G protein β₂ subunit-derived peptides for inhibition and induction of G protein pathways: Examination of voltage-gated Ca²⁺ and G protein inwardly rectifying K⁺ channels

Voltage-gated Ca²⁺ channels of the N-, P/Q-, and R-type and G protein inwardly rectifying K⁺ channels (GIRK) are modulated via direct binding of G proteins. The modulation is mediated by G protein βγ subunits. By using electrophysiological recordings and fluorescence resonance energy transfer, we characterized the modulatory domains of the G protein β subunit on the recombinant P/Q-type channel and GIRK channel expressed in HEK293 cells and on native non-L-type Ca²⁺ currents of cultured hippocampal neurons. We found that Gβ₂ subunit-derived deletion constructs and synthesized peptides can either induce or inhibit G protein modulation of the examined ion channels. In particular, the 25-amino acid peptide derived from the Gβ₂ N terminus inhibits G protein modulation, whereas a 35-amino acid peptide derived from the Gβ₂ C terminus induced modulation of voltage-gated Ca ²⁺ channels and GIRK channels. Fluorescence resonance energy transfer (FRET) analysis of the live action of these peptides revealed that the 25-amino acid peptide diminished the FRET signal between G protein β ₂γ₃ subunits, indicating a reorientation between G protein β₂γ₃ subunits in the presence of the peptide.
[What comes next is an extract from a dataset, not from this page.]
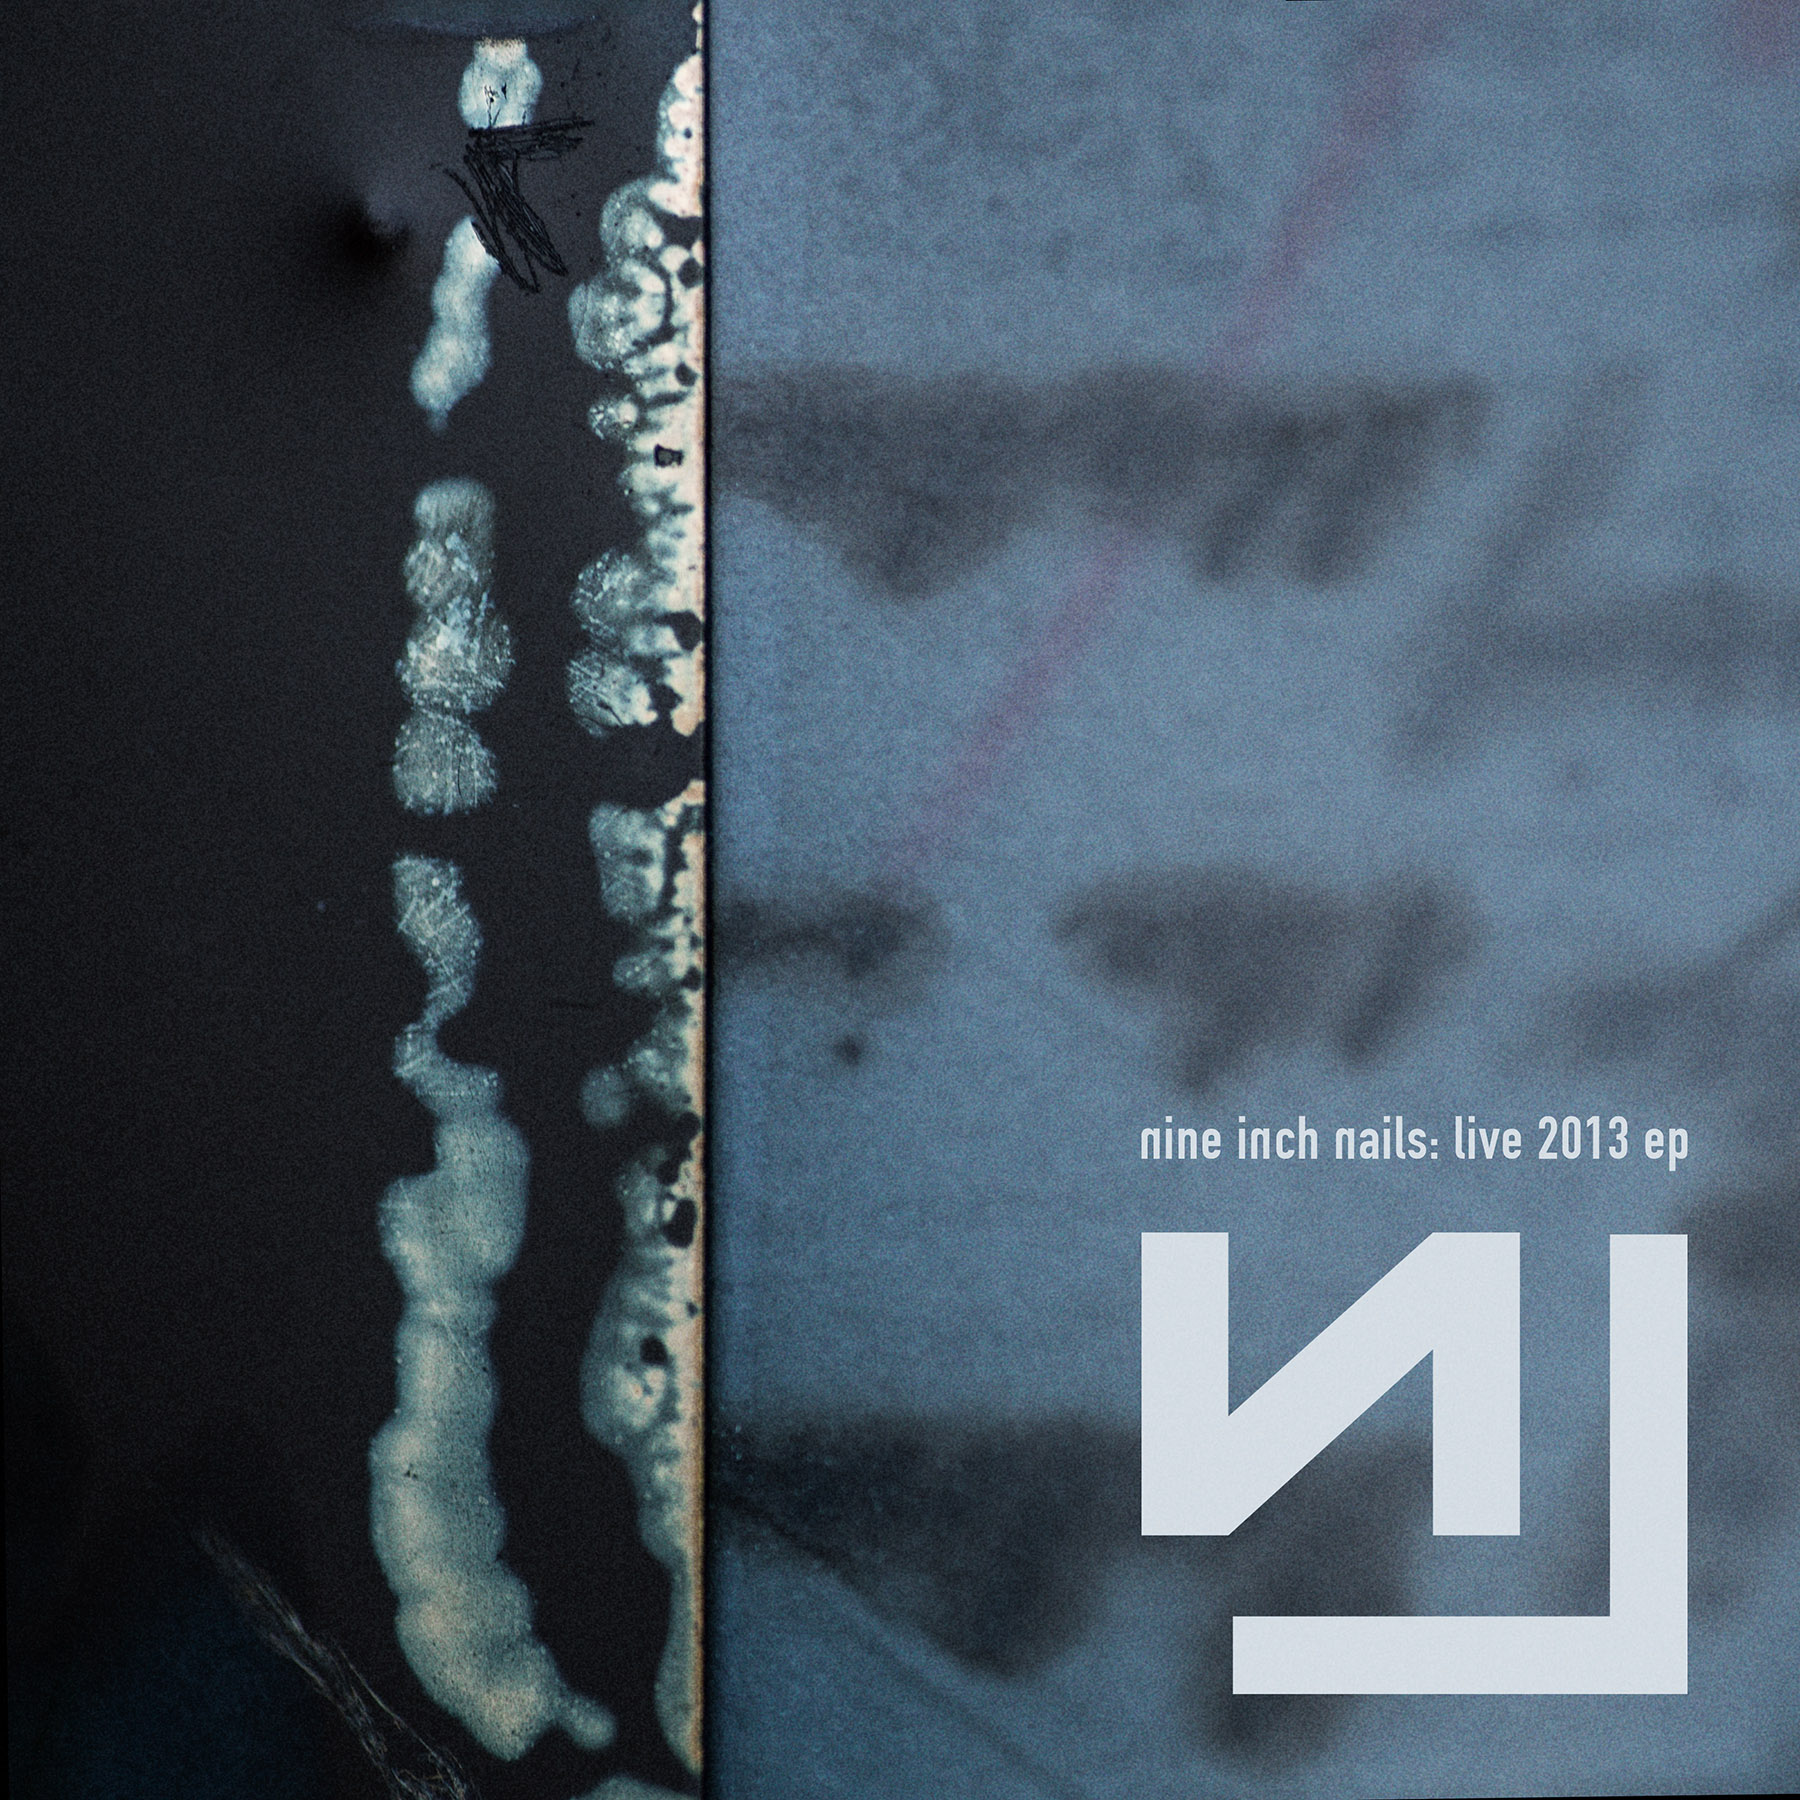 Nine Inch Nails Release Live EP | Under the Radar Magazine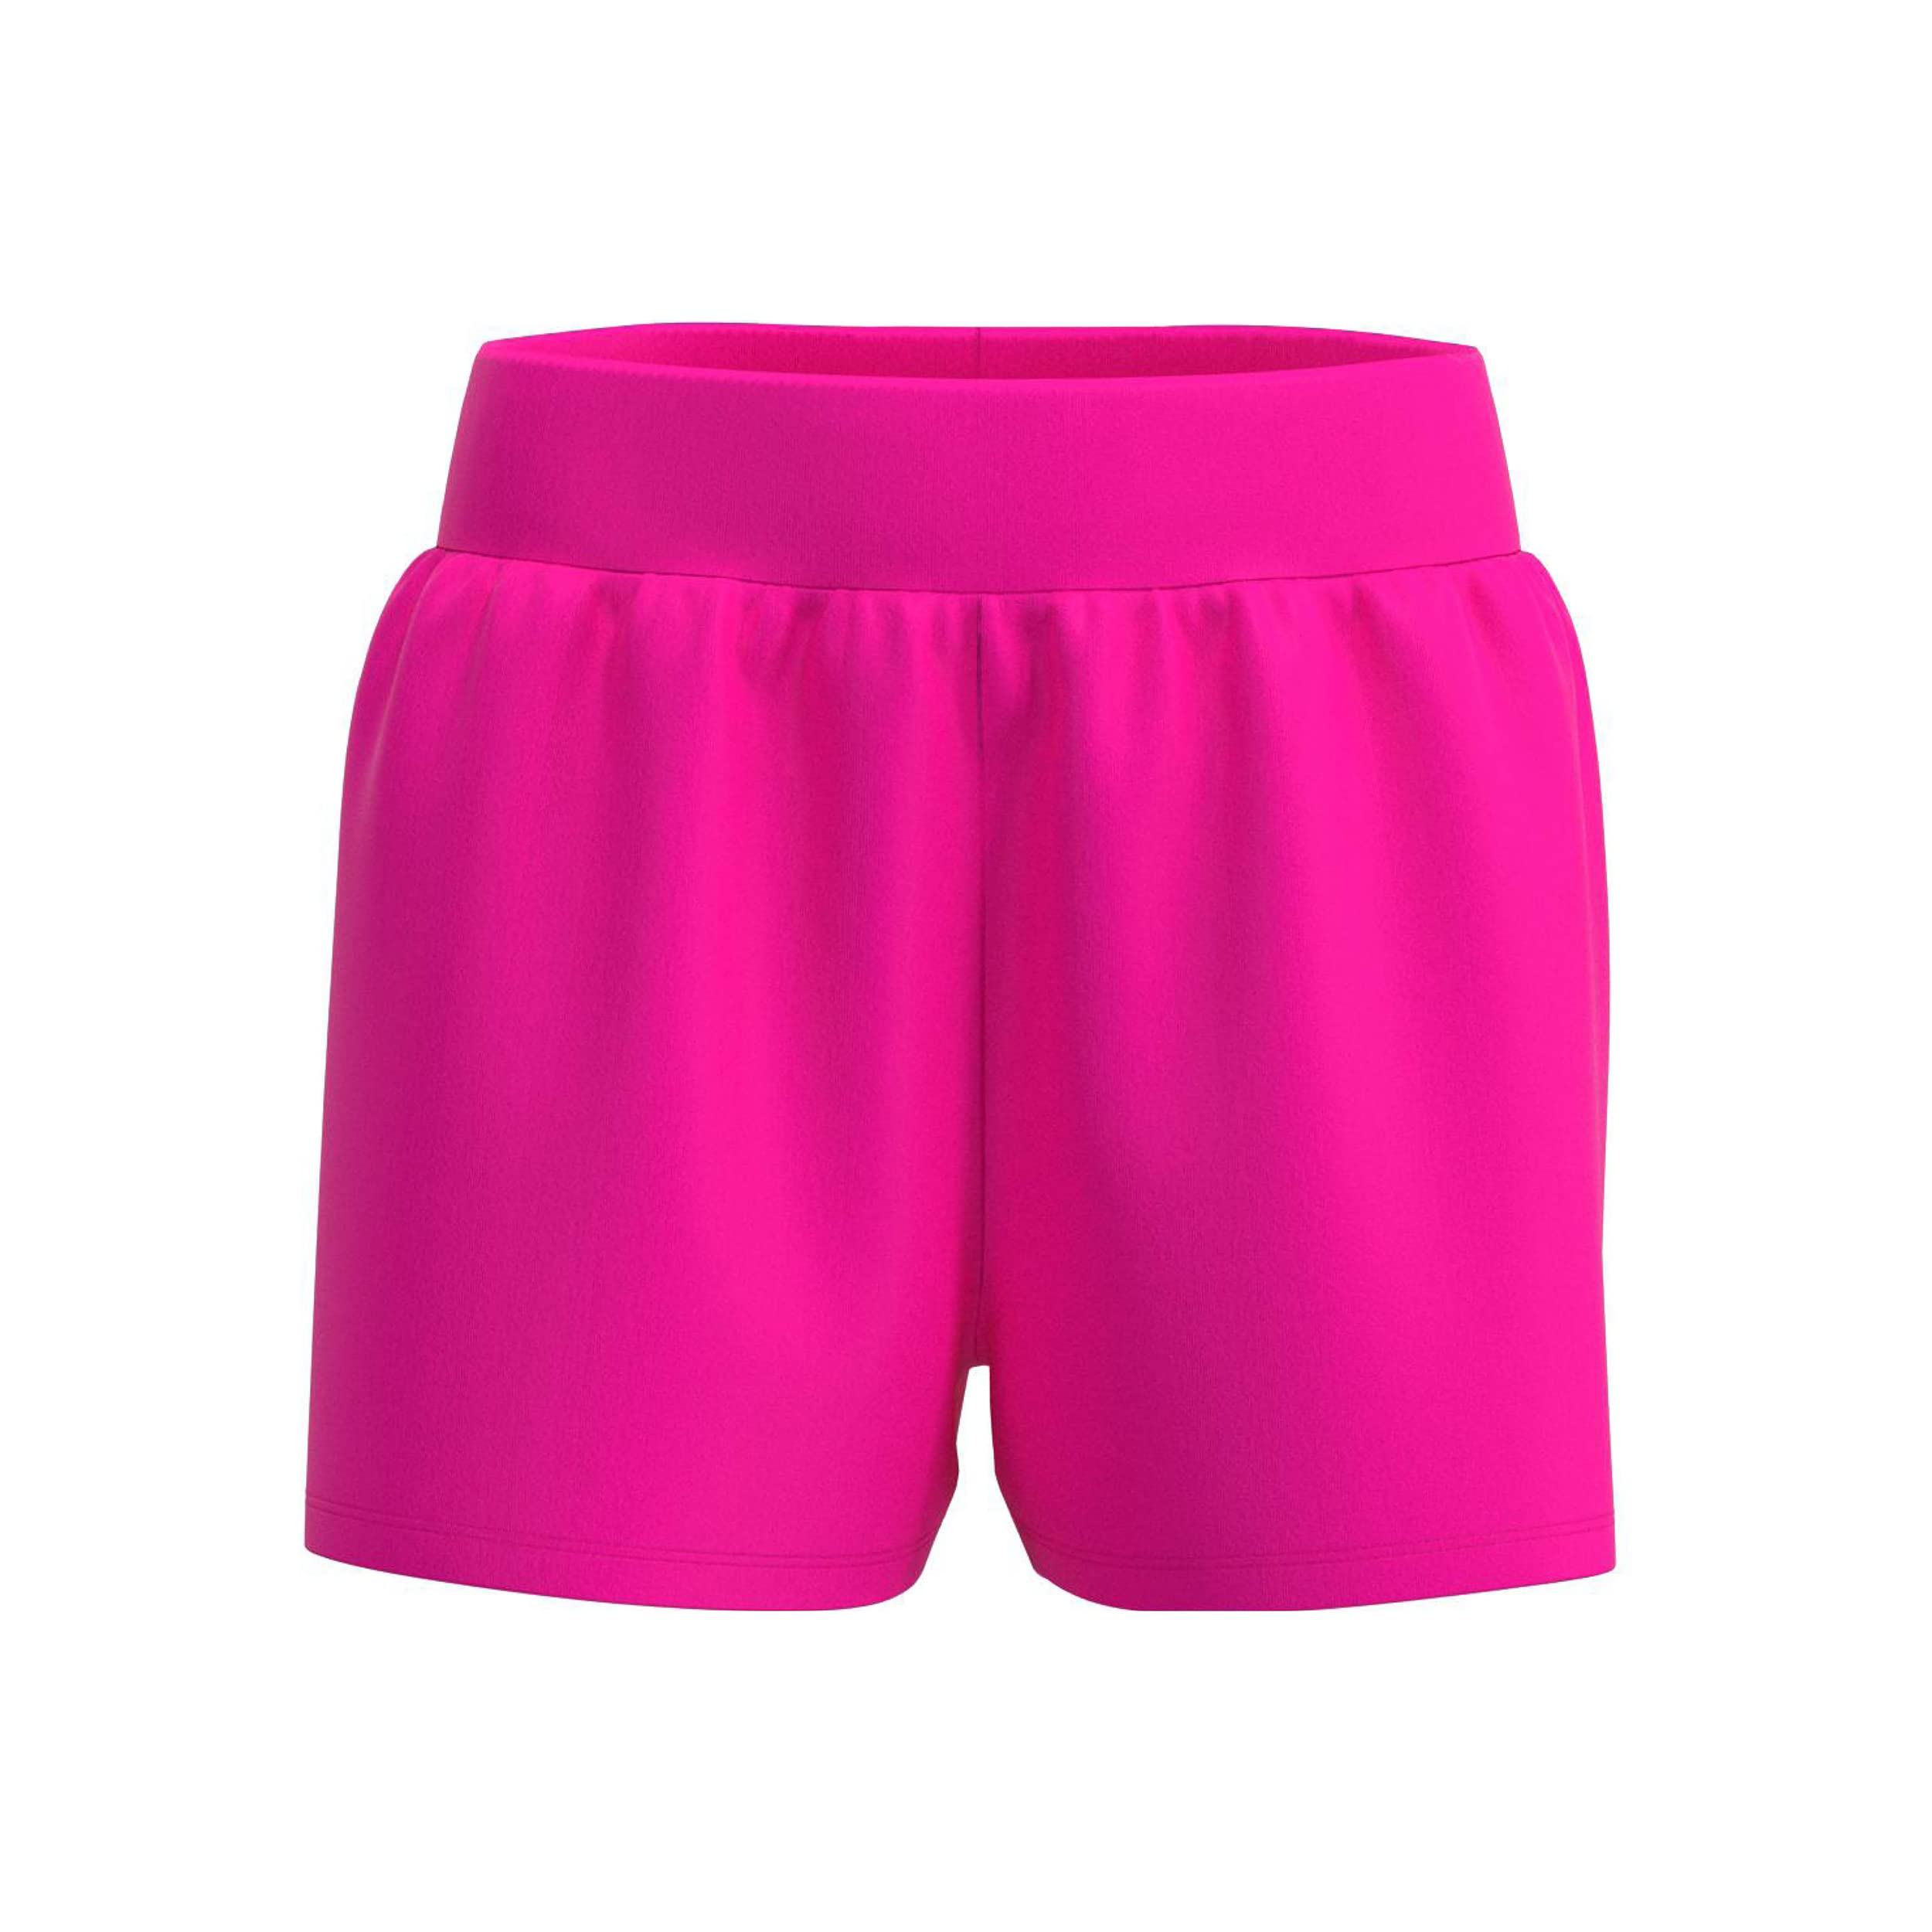 BIDI BADU Damen Crew 2In1 Shorts - pink, Größe:XS

In contrast, the 35-amino acid peptide increased the FRET signal between GIRK1,2 channel subunits, similarly to the Gβγ-mediated FRET increase observed for this GIRK subunit combination. Circular dichroism spectra of the synthesized peptides suggest that the 25-amino acid peptide is structured. These results indicate that individual G protein β subunit domains can act as independent, separate modulatory domains to either induce or inhibit G protein modulation for several effector proteins.